Using EEG, vibrotactile inputs, and virtual reality in research is not novel, but creating a study where the three technologies work in tandem, is a newer approach. Isenstein also turned to the Mary Ann Mavrinac Studio X at the University of Rochester to brainstorm how to get these technologies to work together.
Studio X is an extended reality hub on campus that offers workshops, equipment rentals, and provides a multidisciplinary space for researchers and creators to collaborate on projects. “It really is an incredible resource for researchers trying to incorporate virtual reality into their research,” said Isenstein.
The setup went through several trial periods to figure out how to do it without compromising data quality.
“It was really exciting when I could finally get to the point to use these technologies together,” said Isenstein.
“We ended up mounting the VR headset onto a frame that people could just lean into and then their hands were free to move around and do whatever. And their head was still very stationary. This setup allowed the team to simulate a realistic sensory environment without compromising on data quality.”
Researchers aim to apply these methods to more complex movements in people with autism to understand stimming better.
Additional authors include Ed Freedman, PhD, Grace Rico, and Zakilya Brown of the University of Rochester.
Funding: This research was supported by the Schmitt Program in Integrative Neuroscience (SPIN) through the Del Monte Institute for Neuroscience pilot program, the Eunice Kennedy Shriver National Institute of Child Health and Human Development, the National Eye Institute, the National Institute on Aging, and the National Institutes of Health.
About this tactile processing and ASD research news
Author: Kelsie Smith Hayduk
Source: University of Rochester
Contact: Kelsie Smith Hayduk – University of Rochester
Image: The image is credited to Neuroscience News
Original Research: Open access.
“Adults on the autism spectrum differ from neurotypical peers when self-generating but not passively-experiencing somatosensation: a high-density electrophysiological (EEG) mapping and virtual reality study” by Emily Isenstein et al.
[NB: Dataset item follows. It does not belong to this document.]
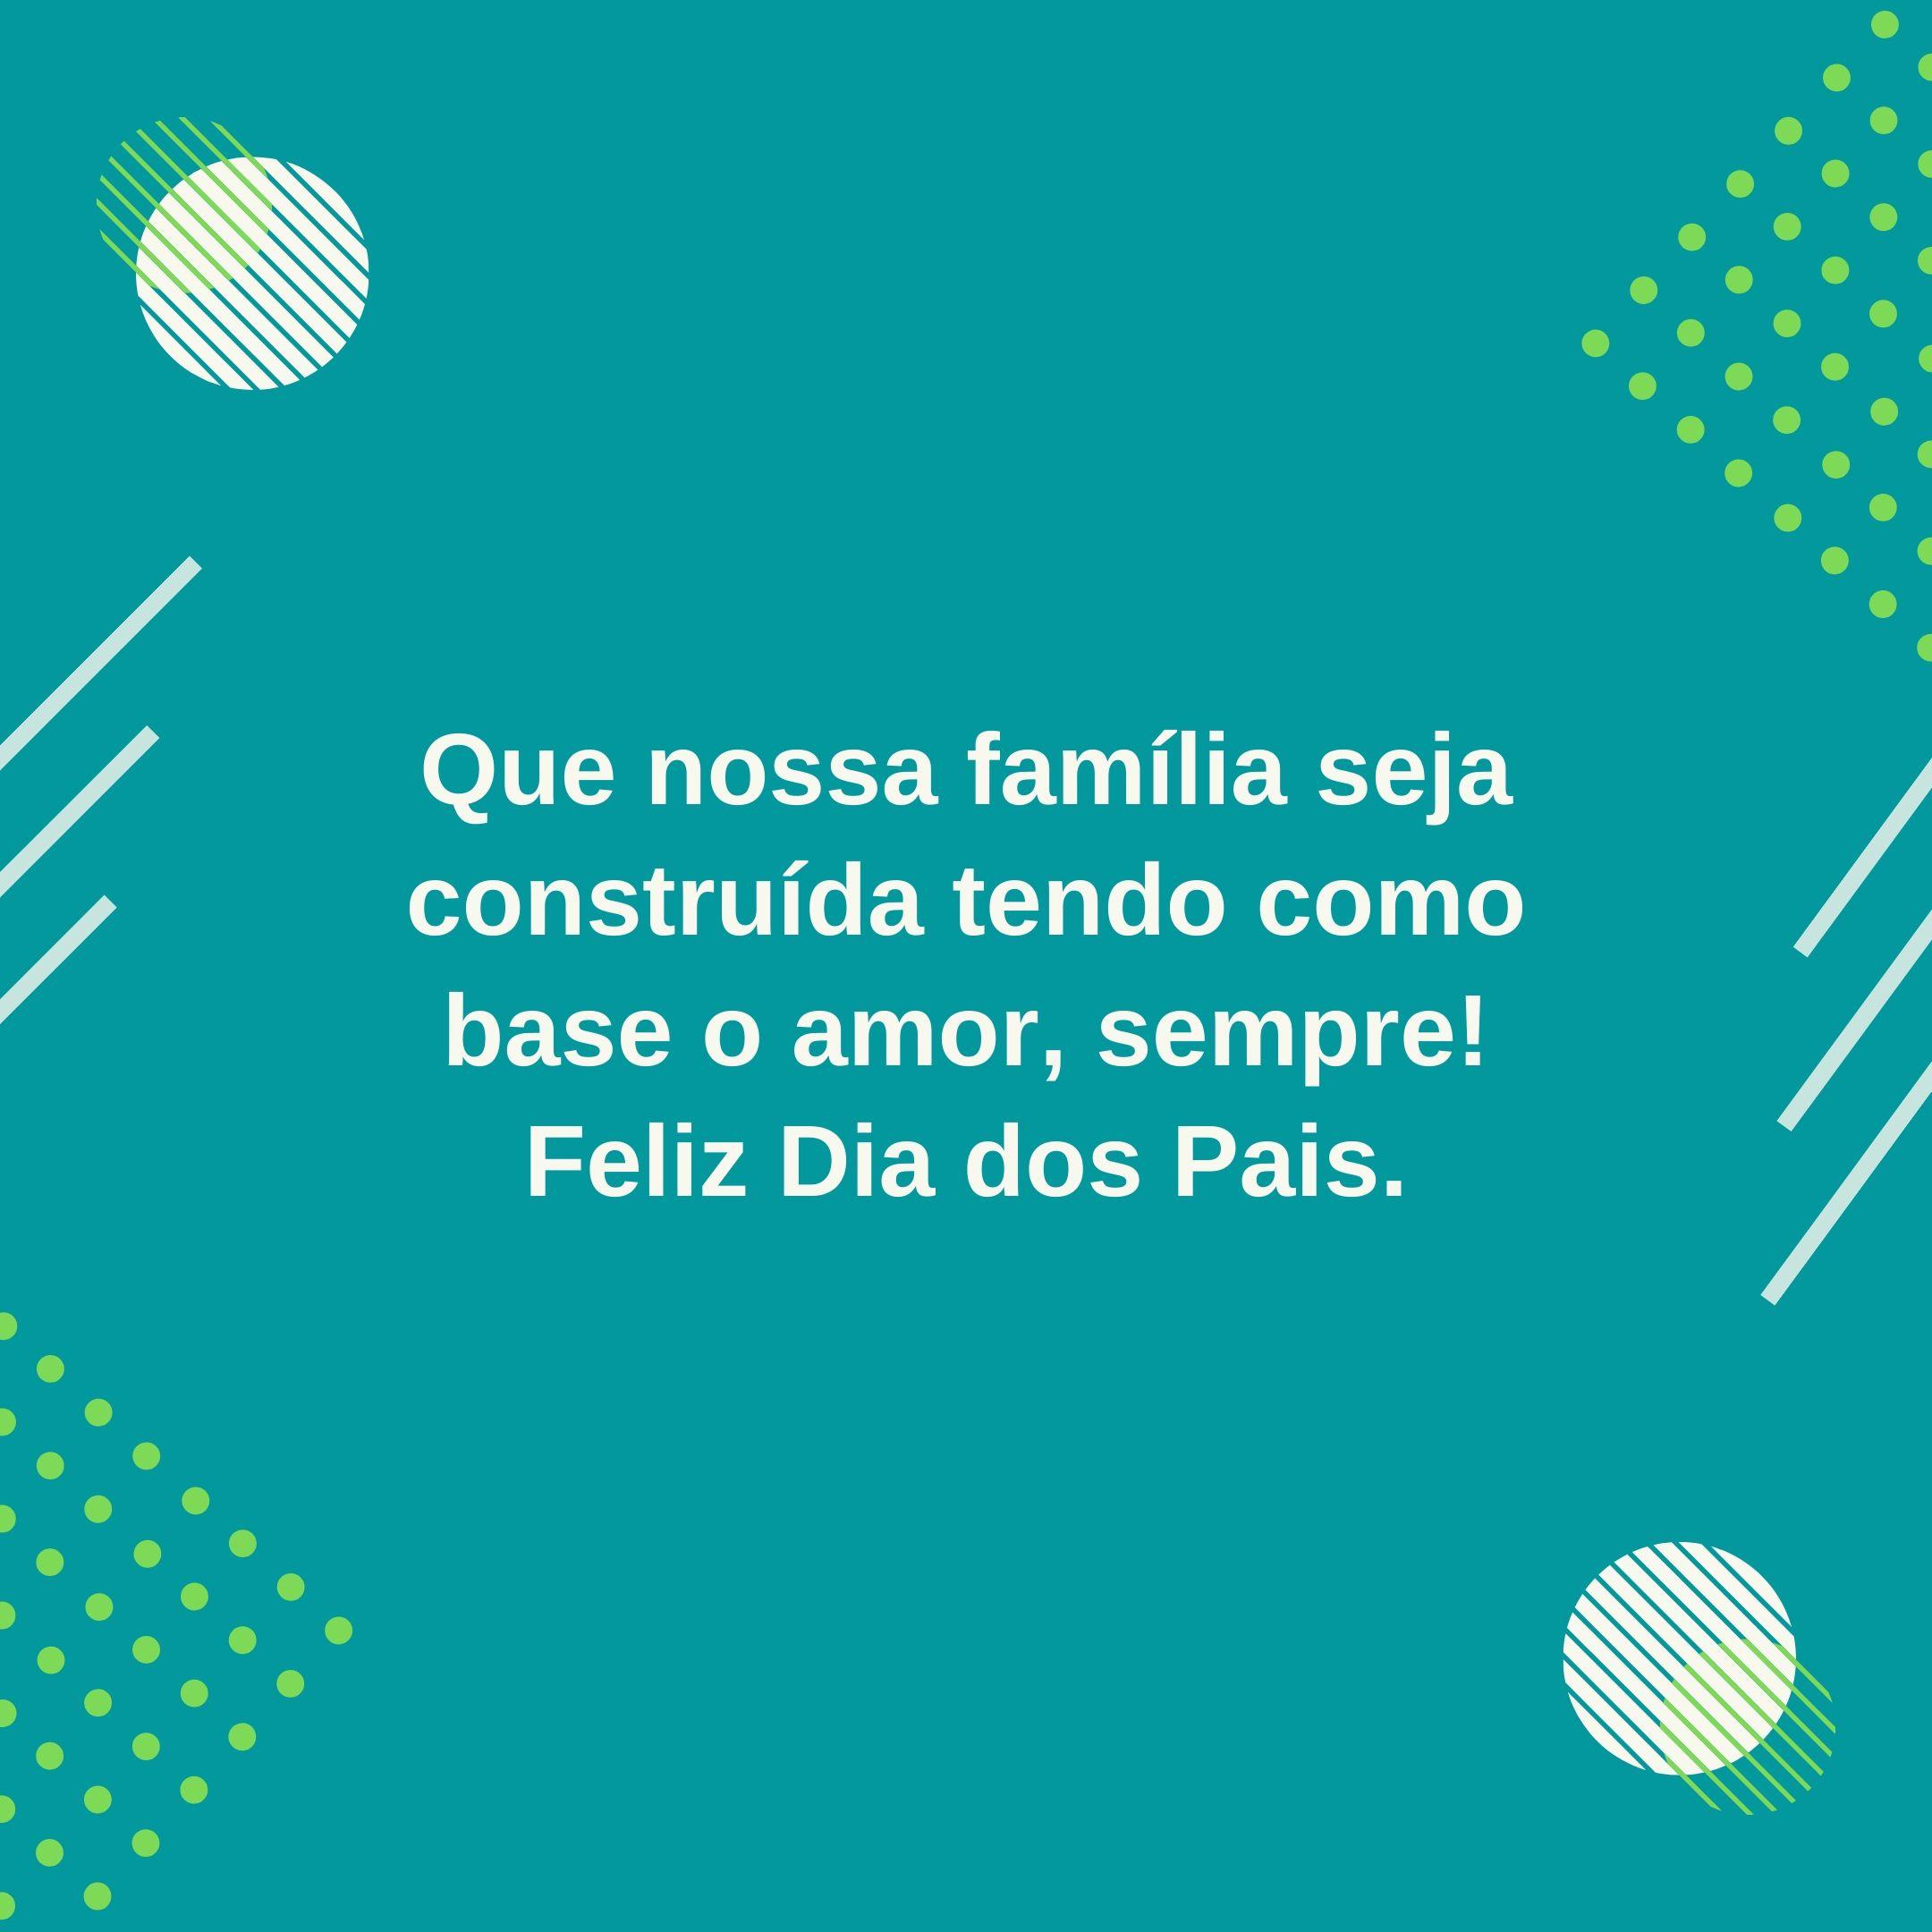 Que nossa família seja construída tendo como base o amor, sempre! Feliz Dia dos Pais.

NeuroImage
Abstract
Adults on the autism spectrum differ from neurotypical peers when self-generating but not passively-experiencing somatosensation: a high-density electrophysiological (EEG) mapping and virtual reality study
Little is known about how different features of tactile inputs affect somatosensory perception in autism.
In this study we combined high-density electroencephalography (EEG) and virtual reality (VR) to assess how the volition and pattern consistency of somatosensory stimulation influenced the electrophysiological responses in neurotypical (n = 30) and autistic (n = 30) adults.
Specifically, we compared N1 and P300 amplitudes when vibrotactile stimulation were actively triggered by self-motion (Active) versus passively triggered by target-motion (Passive).
We also measured the mismatch negativity (MMN) to assess how deviations in the pattern of stimulus duration affected the electrophysiological responses.
We observed comparable responses regardless of pattern deviation in the MMN time window between groups, but different patterns of amplitude in this time frame based on whether the stimulation was Active or Passive.
In the autism group we observed smaller N1 amplitudes in response to Passive, but not Active, vibrations as compared to the control group. Conversely, there were overall larger magnitude P300 amplitudes in the autism group, but comparable levels of Passive-to-Active attenuation between groups.
Overall, the autism cohort demonstrated variation from the neurotypical cohort with respect to the volition of the stimuli, but there were comparable results between groups in response to pattern deviation.
These findings suggest that there are subtle differences in how adults with and without autism handle self-generated and externally-generated somatosensory sensations.